Problem details:
Everything from the line with "FRANJE KUHAČA (JELAS), Sl.Brod, prizemnica" to the line with "Cosmic Rift by jadenxtrinityx" in the listing below, both lines included, needs to be copied exactly, apart from the pictures.

Given data:
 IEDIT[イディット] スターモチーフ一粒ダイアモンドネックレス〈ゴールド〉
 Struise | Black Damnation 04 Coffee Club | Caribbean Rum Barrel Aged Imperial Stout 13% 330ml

==

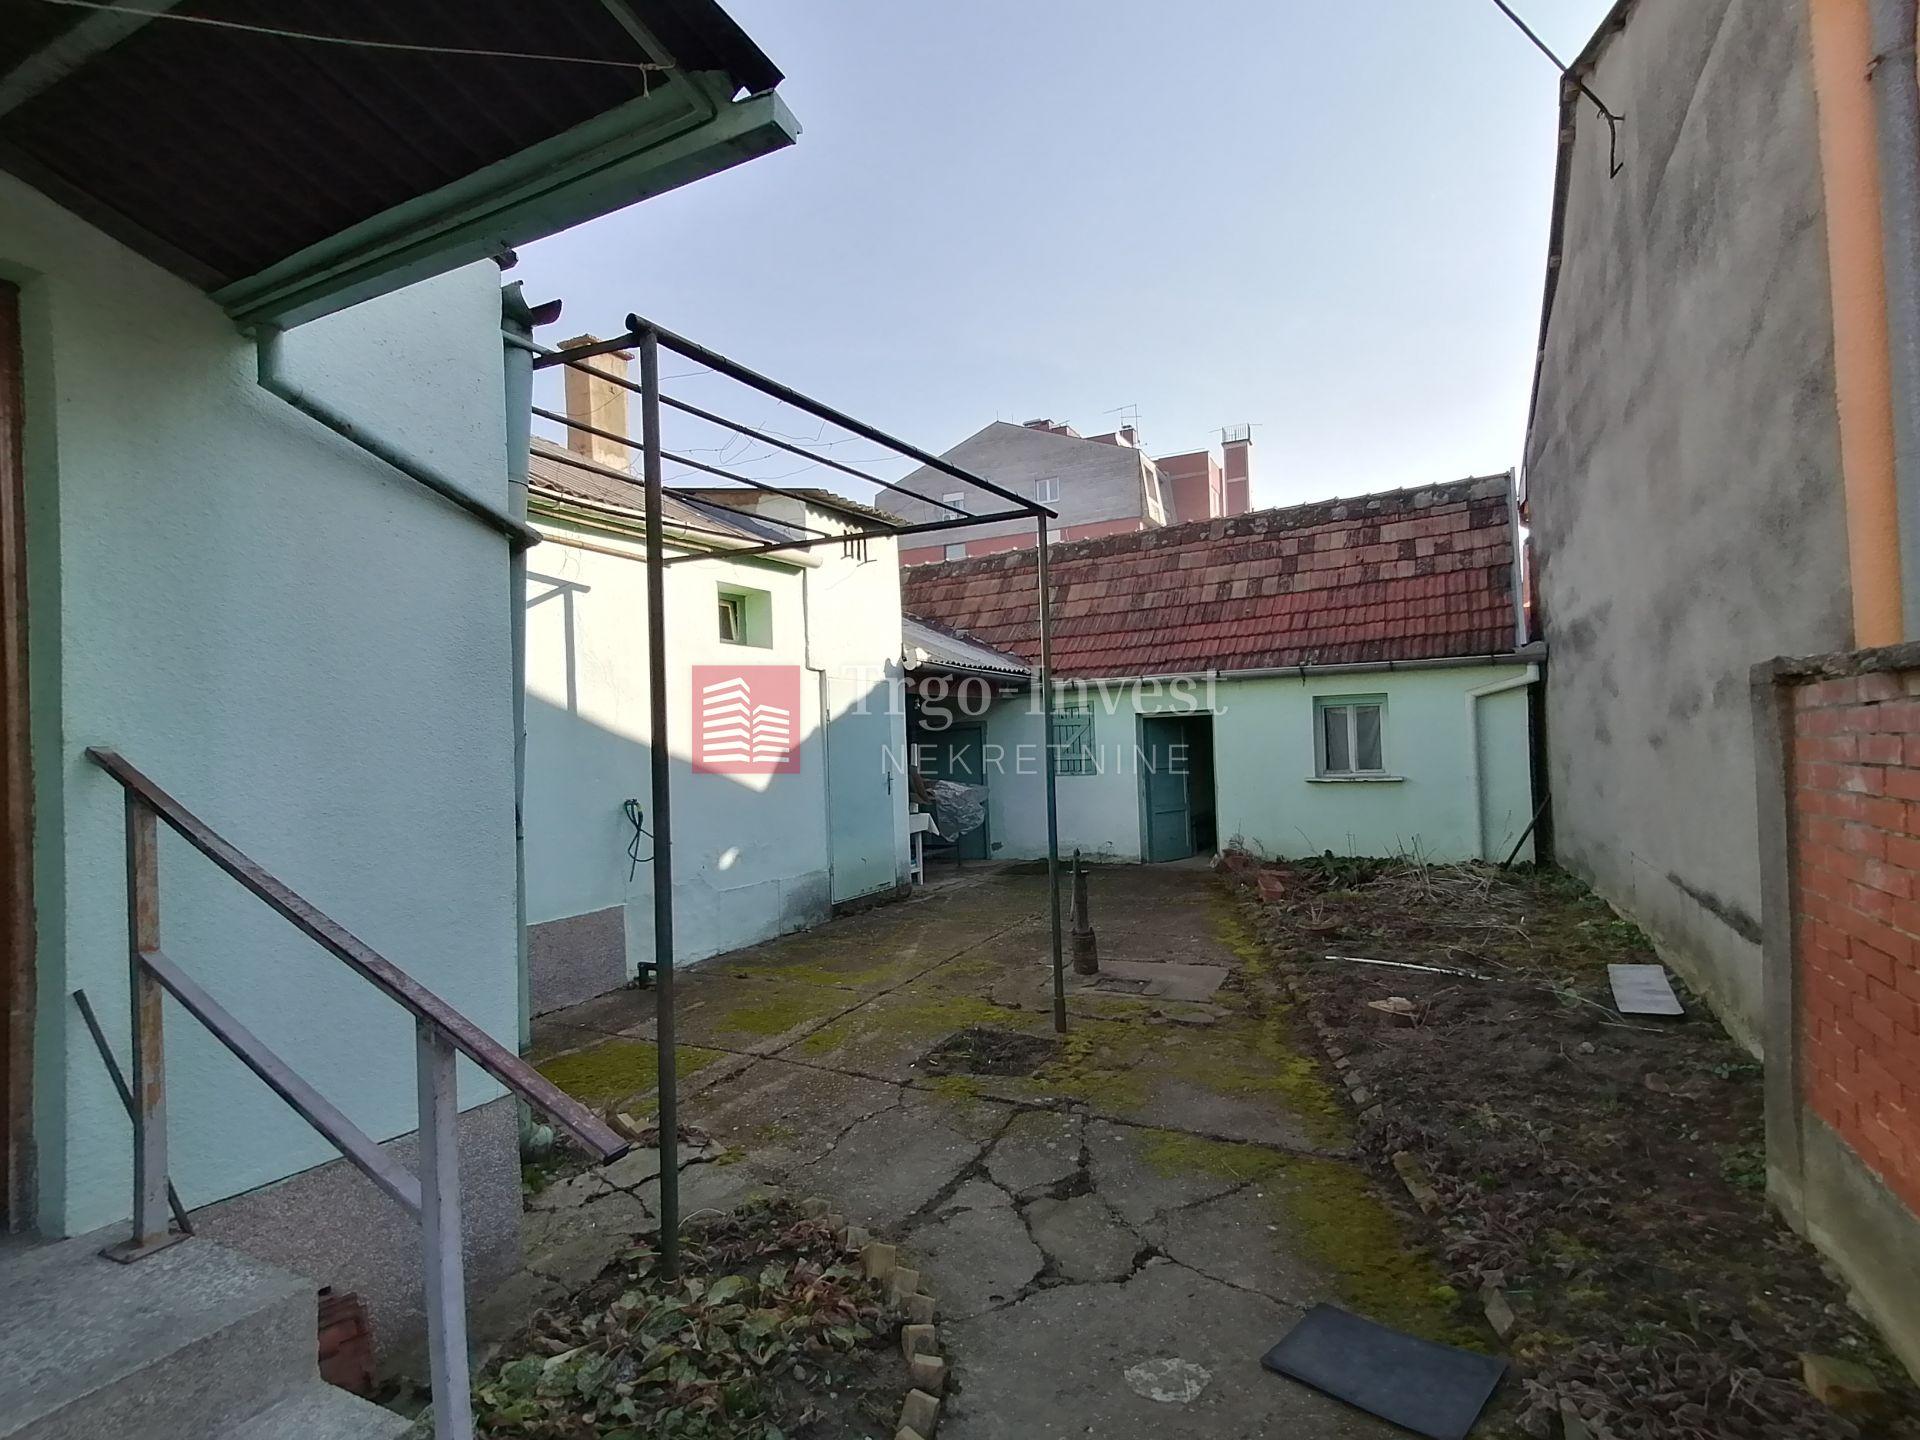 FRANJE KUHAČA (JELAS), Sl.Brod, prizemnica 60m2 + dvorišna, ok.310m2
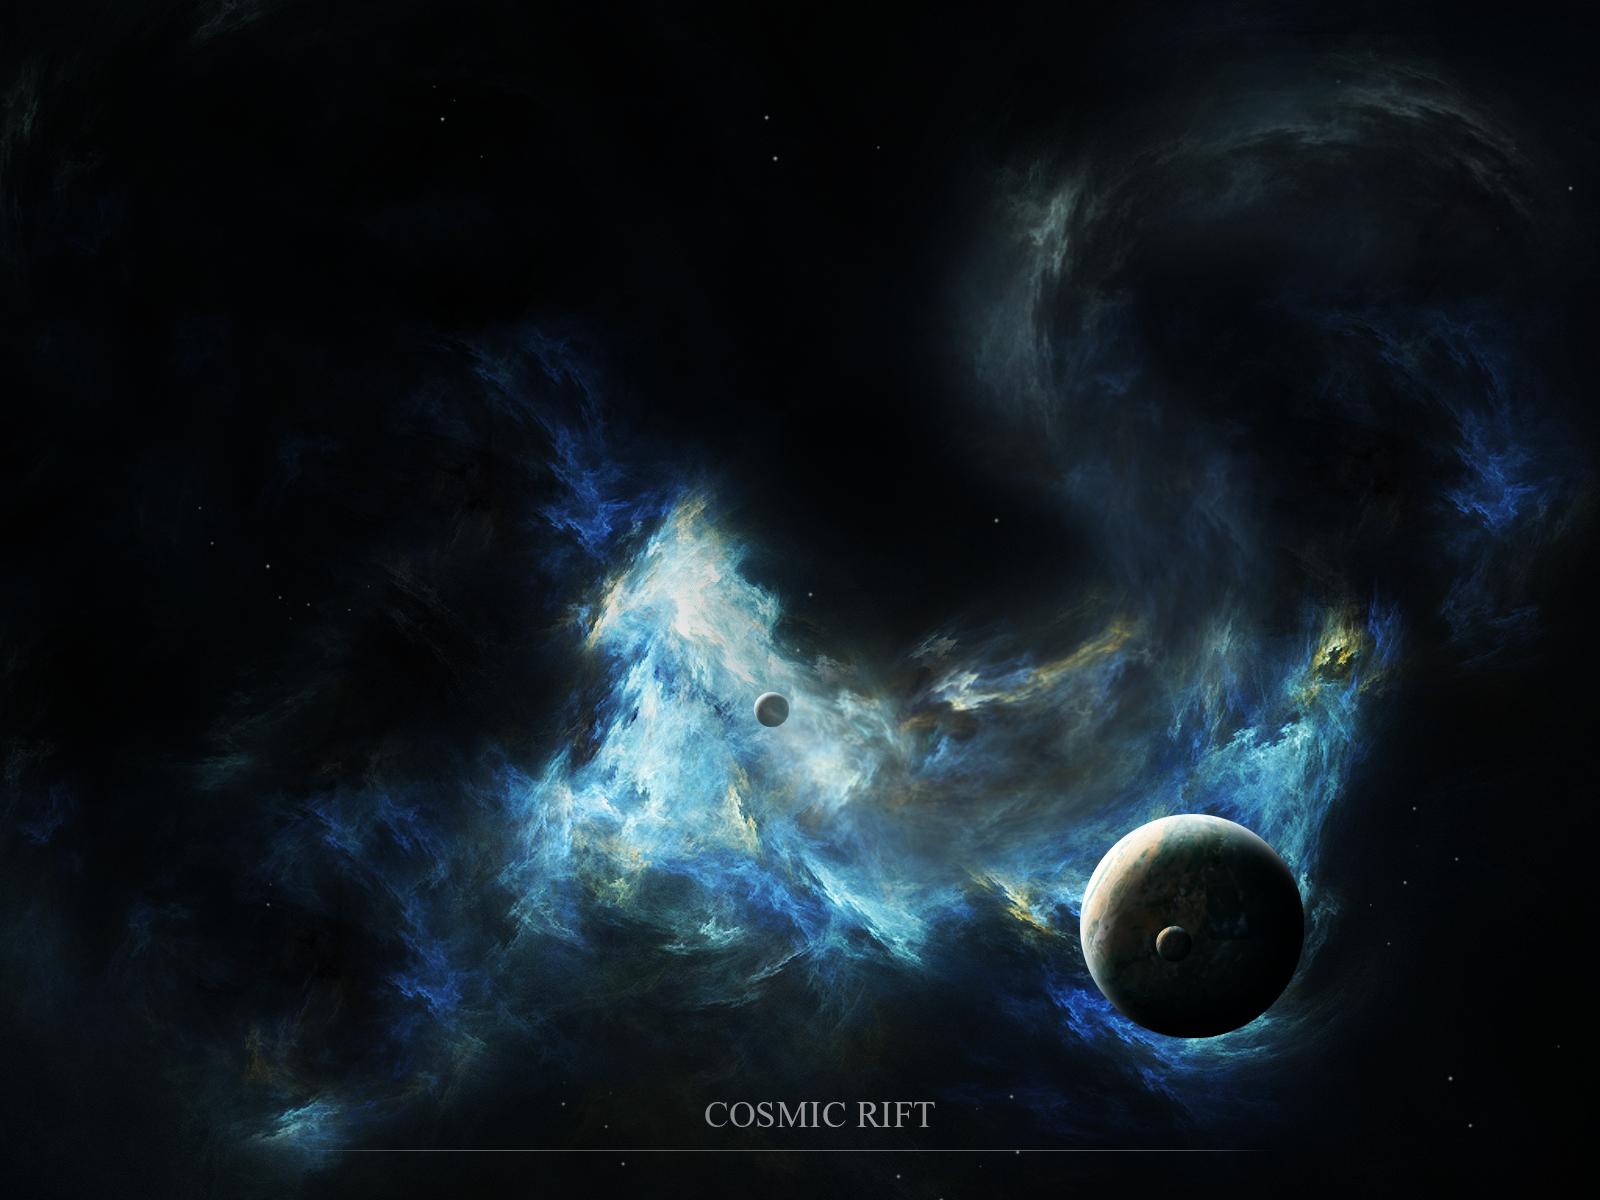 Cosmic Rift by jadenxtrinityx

Exercise solution:
 FRANJE KUHAČA (JELAS), Sl.Brod, prizemnica 60m2 + dvorišna, ok.310m2
 Cosmic Rift by jadenxtrinityx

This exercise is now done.